I'm curious if Clayton Christensen's would add some exceptions to his follow up book to "The Innovator's Dilemma" [1] ("The Innovators Solution") where the solution to BigCo failing to innovate is because they can never comprehend/tolerate any business which might cannibalize their core business even in the slightest (like a niche RSS reader taking away views from Google News and Google SERPs) is to do "intrapeanuership". Which is where your side plays are isolated/insulated from the downward pressure of established powerful internal teams controlling the current pet business model.

I doubt Reader was ever going to be a serious business but maybe there should be a much more explicit execption for the side products your customers love that also don't fit perfectly into the parent companies main business/product dev strategy.

[1] https://en.wikipedia.org/wiki/The_Innovator's_Dilemma?wprov=...


At Google too many people have the power to launch products to keep all of the products around forever.


This. I also switched to Feedly, no biggie. But it made me take a hard look at what else I was dependent on Google for.
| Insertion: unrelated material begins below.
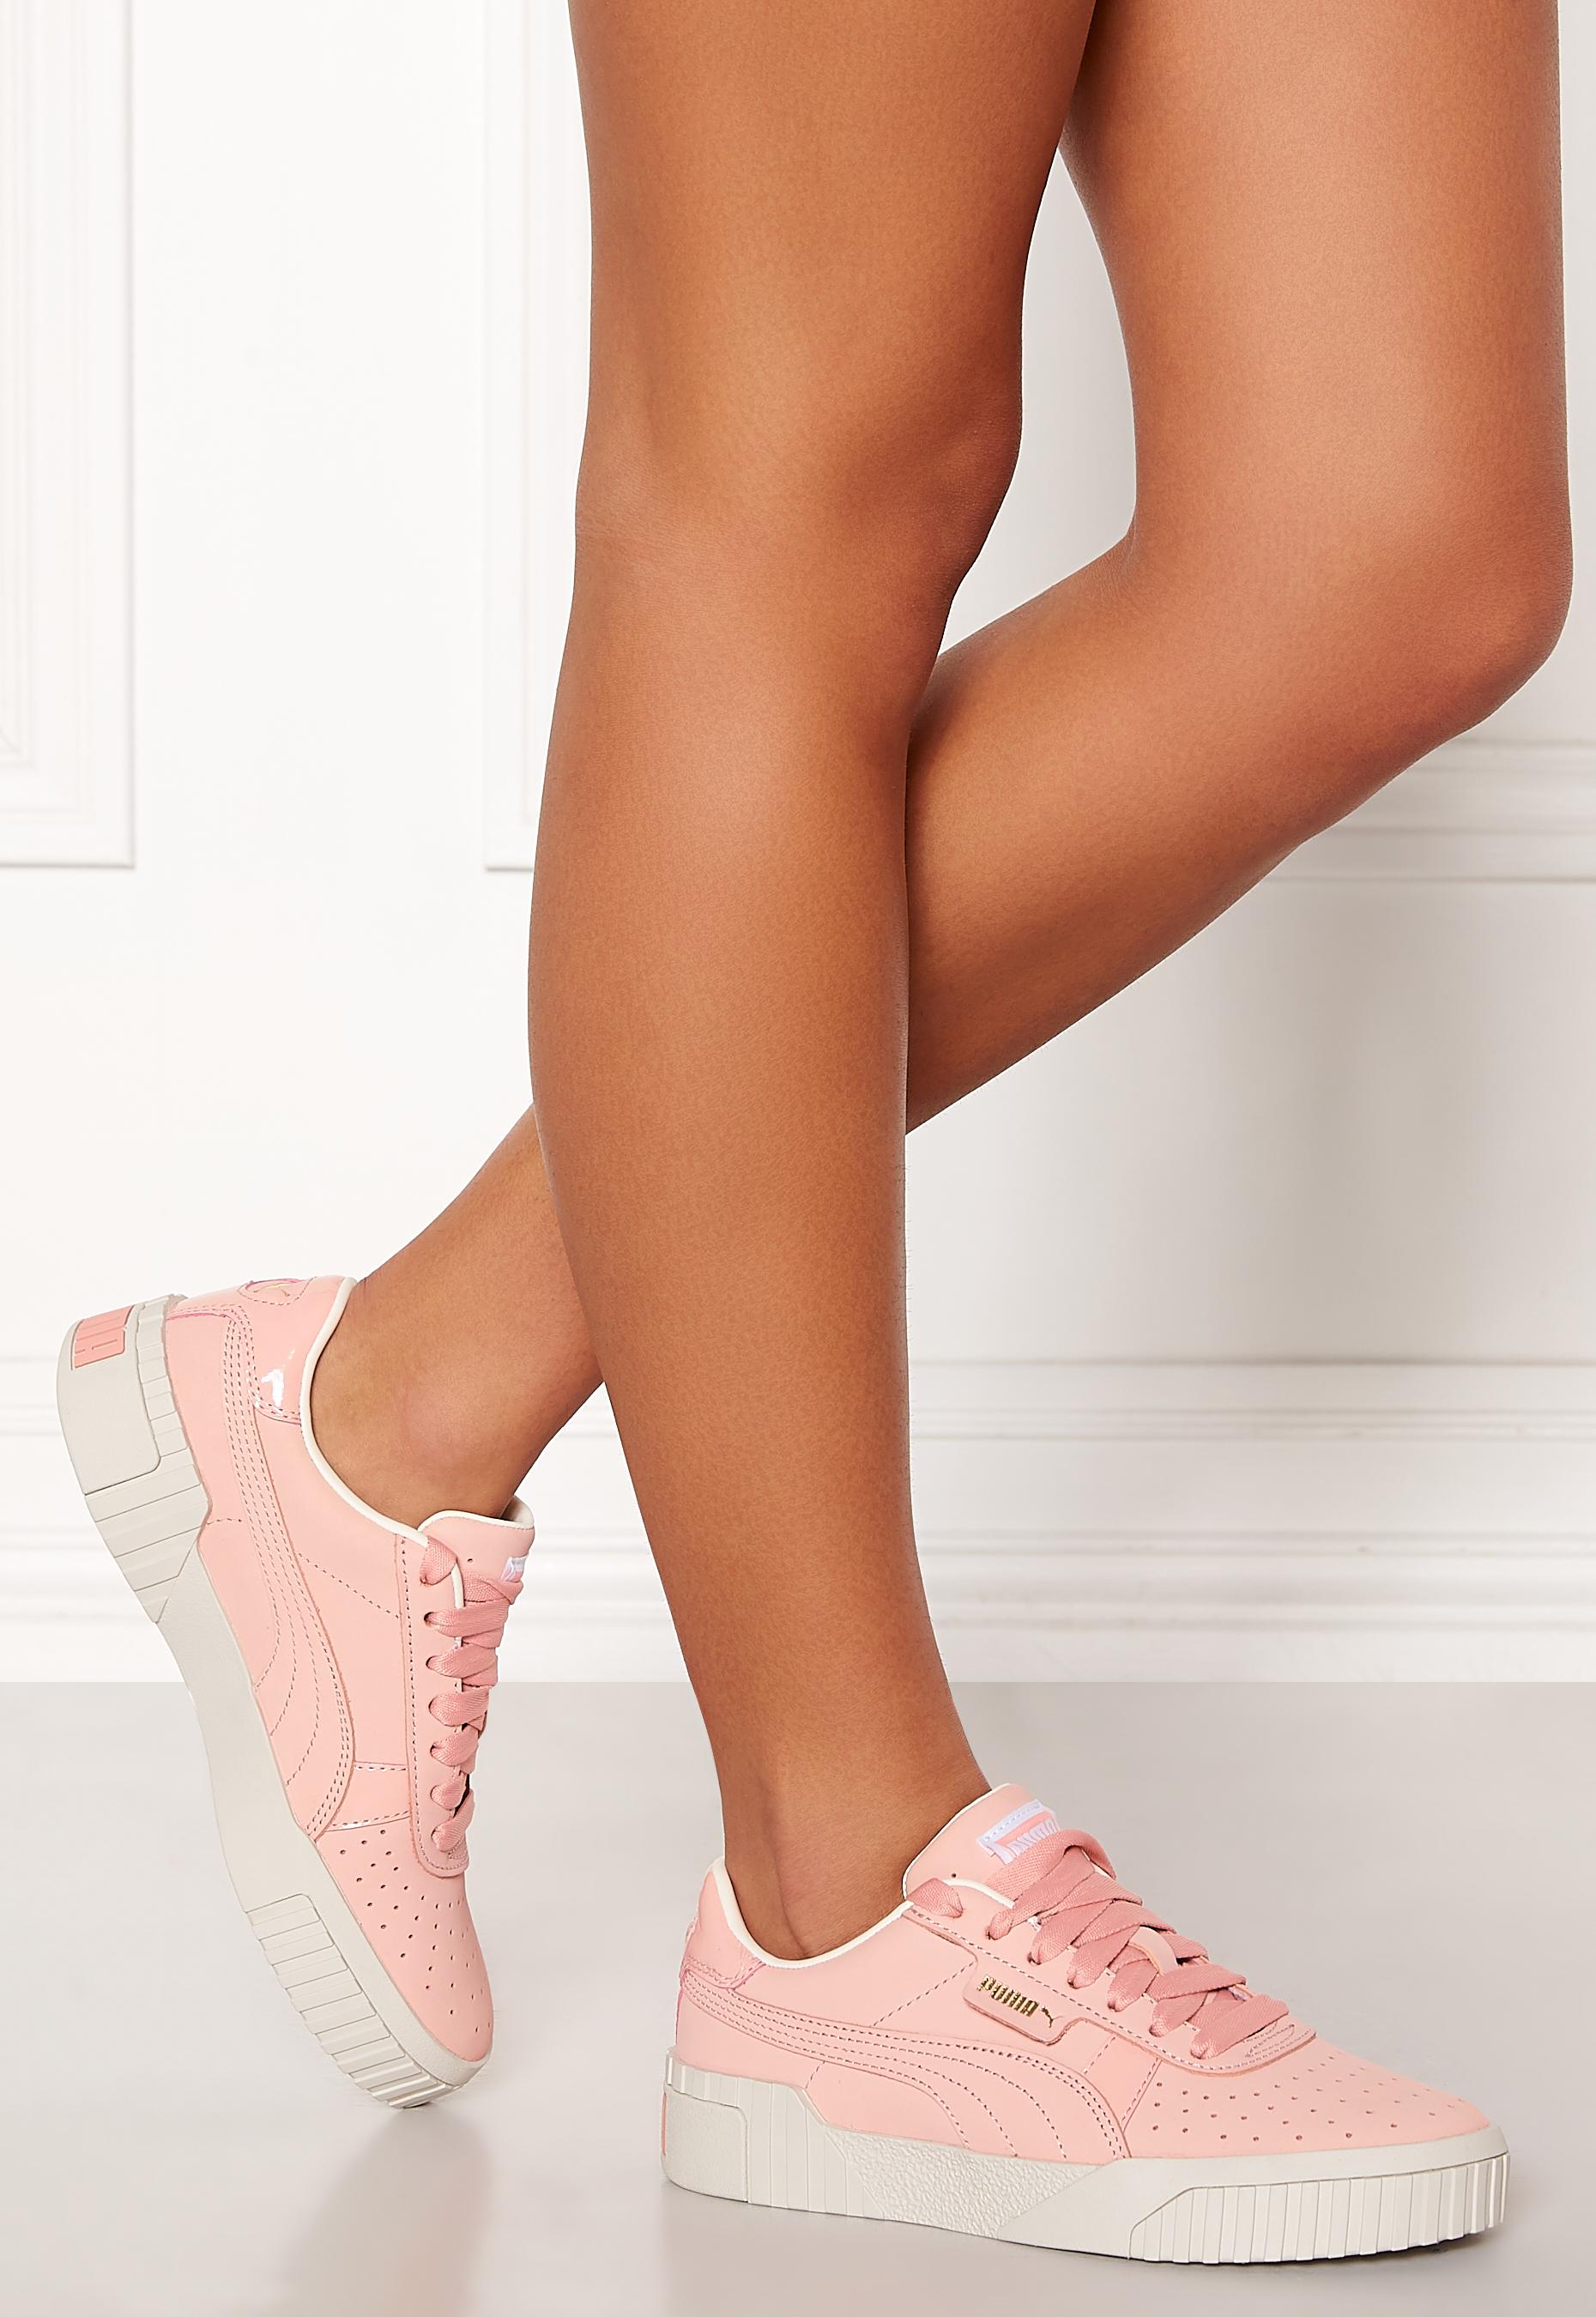 PUMA Cali Nubuck Sneakers 001 Peach

About 5 years ago I excised Google from my life as much as I good, including sunsetting my gmail account.

I still use my Android phone, and use maps for navigation and browse youtube online, but I use as little 'account' features as is necessary. If I wanted to switch to iPhone tomorrow, there'd be next to zero migration headaches.


I also moved to Feedly, but the shuttering of Reader meant that many websites stopped posting RSS links, and some big sites stopped supporting it altogether.